Edward Harrison acknowledges that eurozone internal devaluation and austerity is not a politically sustainable solution and there are only three possible outcomes in his opinion: monetization, default. or breakup.  Charles Wyplosz sees the problem as a lack of alternative options planning allowing decisive action, because the ECB has been consistently late to help.  Wyplosz remains concerned about debt and possible default.  He sees six questions which need to be addressed: can eurozone member nations face down the markets, is there a strategy for avoiding defaults, is there a plan to organize defaults if they occur, can a first defaulter be ringed to avoid contagion, if sovereign default is a possibility should banks also need to fail, and is ECB independence threatened by its need for more capital?  Daniel Gros finds the debate in the eurozone over the structure and financing of a stability mechanism self-defeating and likely to promote a festering situation which does not solve the lack of growth in the countries affected and the increasing costs to refinance with rising interest rates.  Geoffrey Underhill sees the problem as fully understood from the beginning of the euro as a lack of federalism.  The eurozone needs to act as a federal union consistent with the primacy of Germany as established by the structural formation of the euro and the ECB needs to proved guarantees to the "provinces" "... and adequate internal resource transfers to compensate for the fully predictable adjustment asymmetries in the absence of intra-Eurozone devaluations."

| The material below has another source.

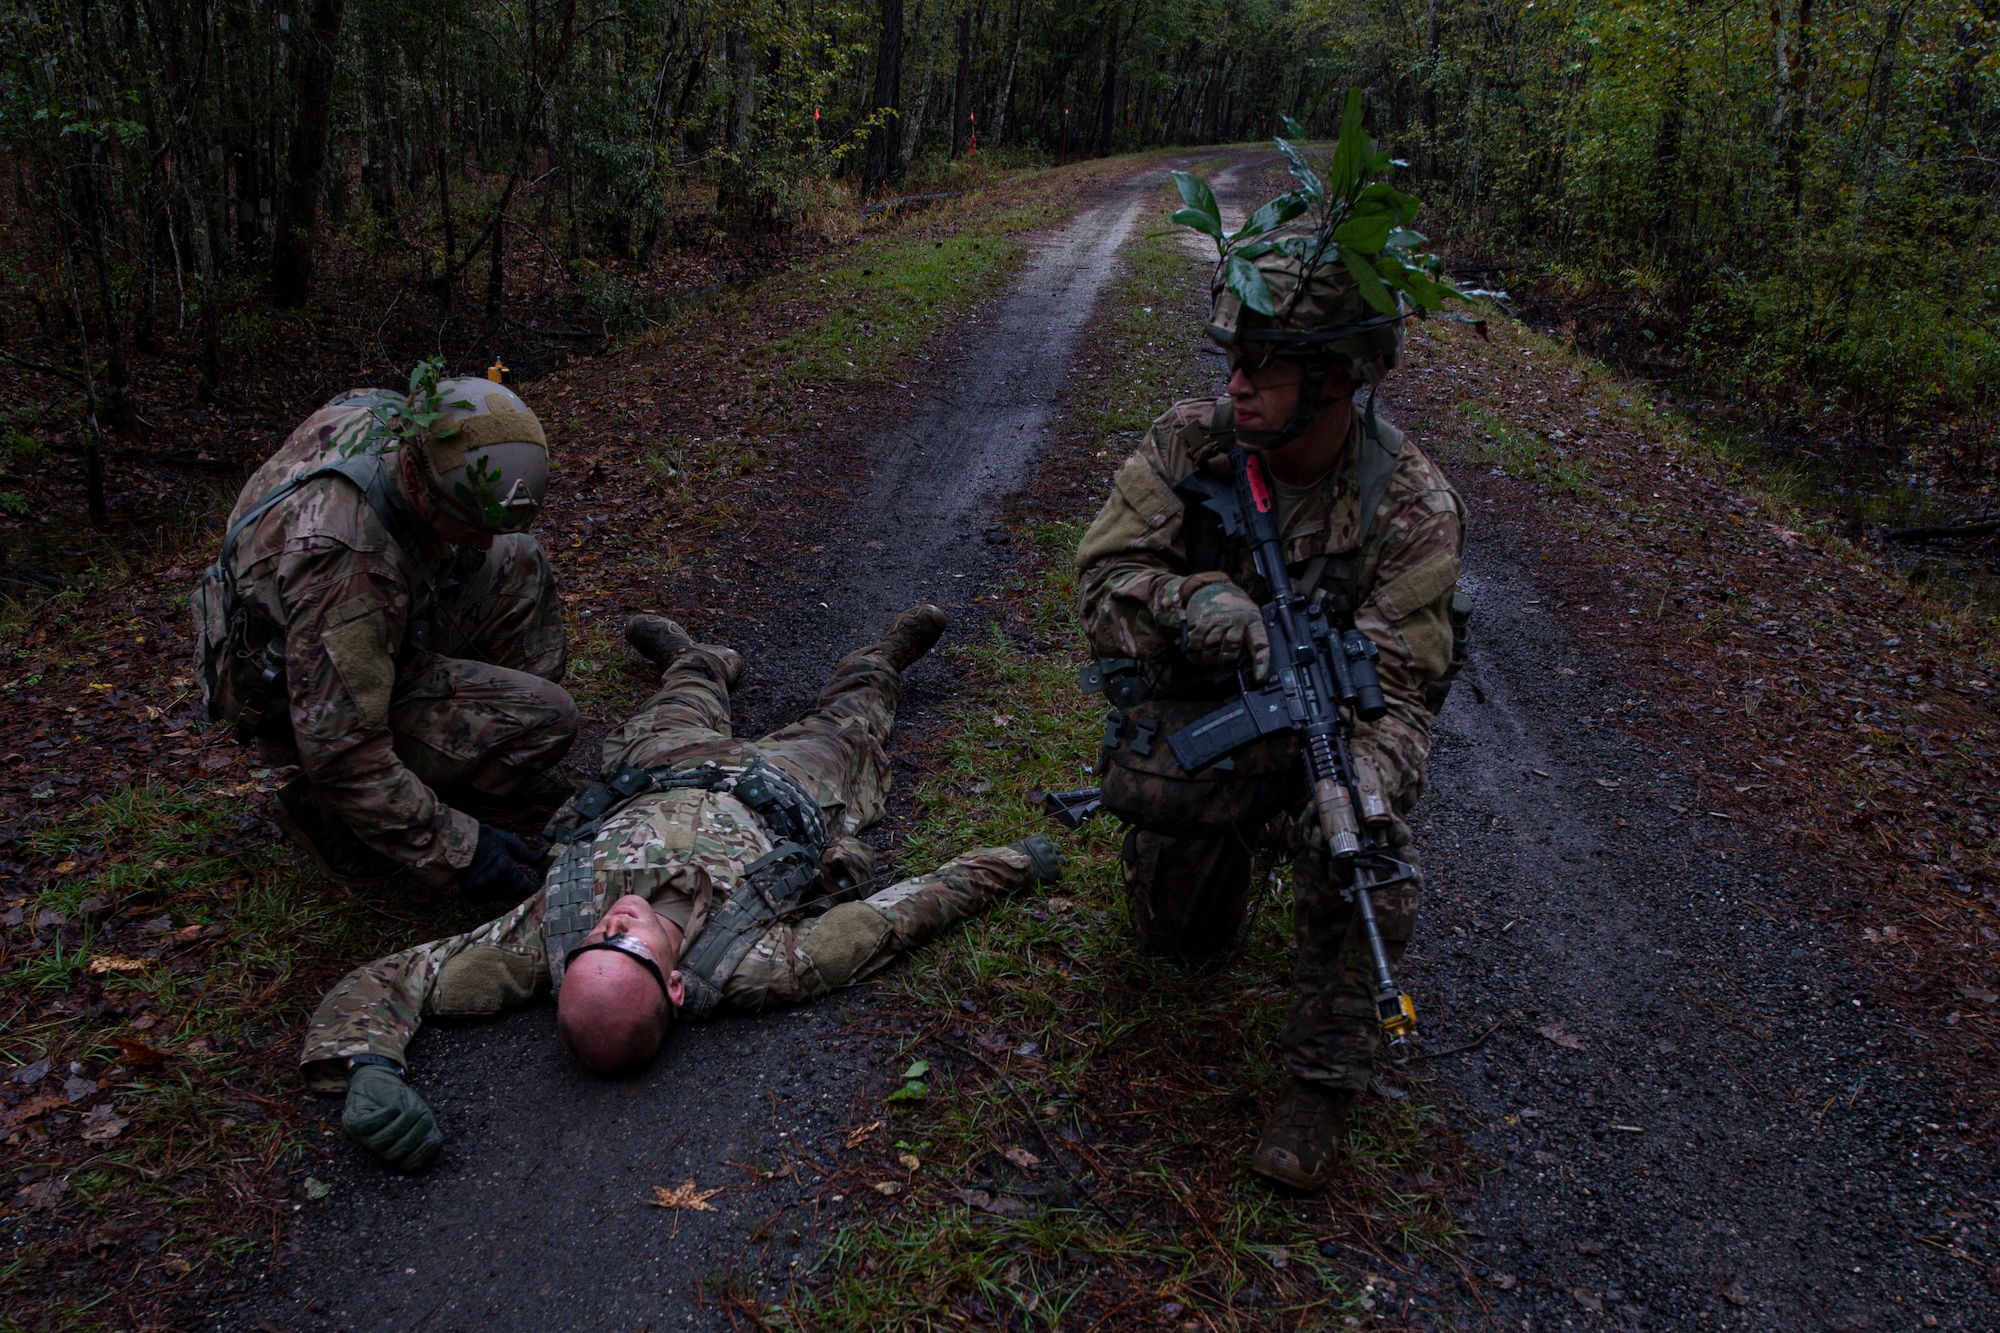 Students of the Air Force Ranger Assessment Course perform a simulated casualty search Nov. 15, 2019, at Moody Air Force Base, Ga. The course teaches students critical tasks such as land navigation, troop movements and shooting and maintaining weapons. Over the course of 19 days, the Ranger Assessment Course evaluates students to determine if they possess the knowledge, willpower and skill to attend Army Ranger School. (U.S. Air Force photo by Airman Azaria E. Foste
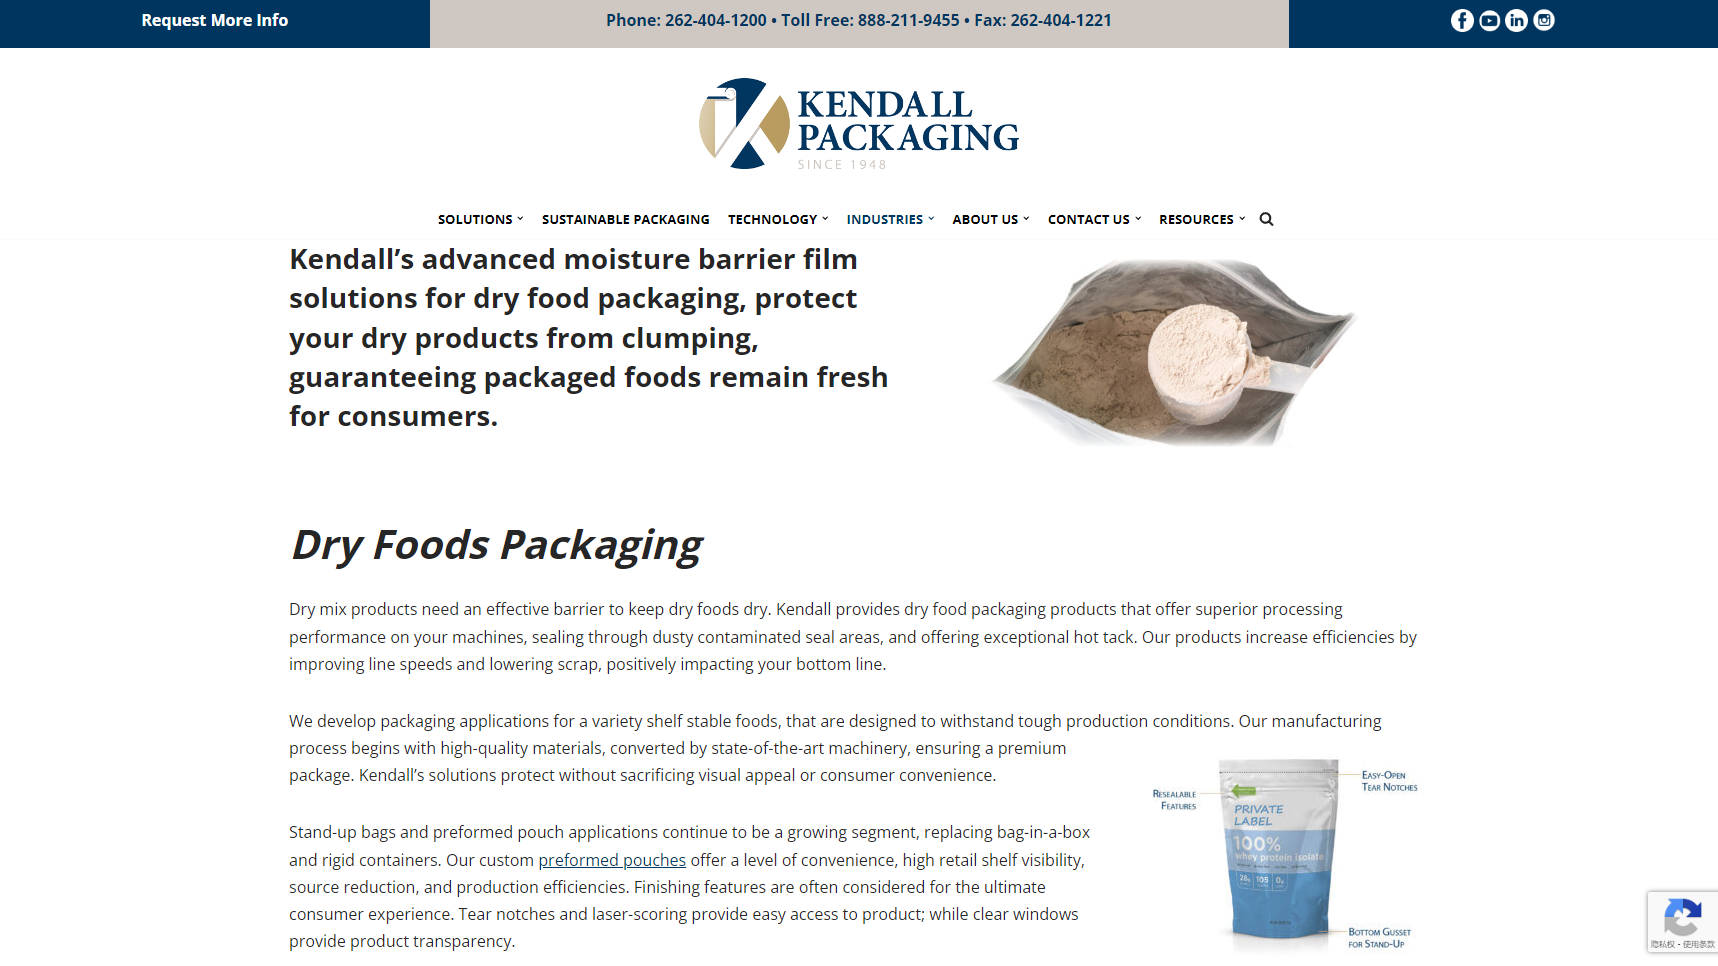 Kendall Packaging Corporation - Food Packaging Manufacturer

Is Germany, in demanding at the European Summit that "... there would be no fiscal transfers to troubled economies, and that the best way forward is further fiscal consolidation, along with plans for the private sector to share in any losses after a sovereign default", acting in its best interests?  Gavyn Davies believes Germany is not acting in its best interests.  There is a "damaging effect of a permanent increase in the interest rate spread of 1 per cent over Germany fully offsets the beneficial effects of reducing the budget deficit by 1 per cent of GDP for the troubled EU economies."  He believes the strategy emerging from the Summit will not work and the stronger EU economies could make a big difference by providing the weaker economies with liquidity in the form of lower interest rates.  Davies uses a recent paper by Lupton and Mackie to demonstrated the arithmetic to show Germany cannot continue to assert its creditor nation policies which will not reward these weaker nations and demands they suffer the sanctions befitting their debt and not place German banks on the precipice of shared suffering in sovereign default by any one of these weaker nations.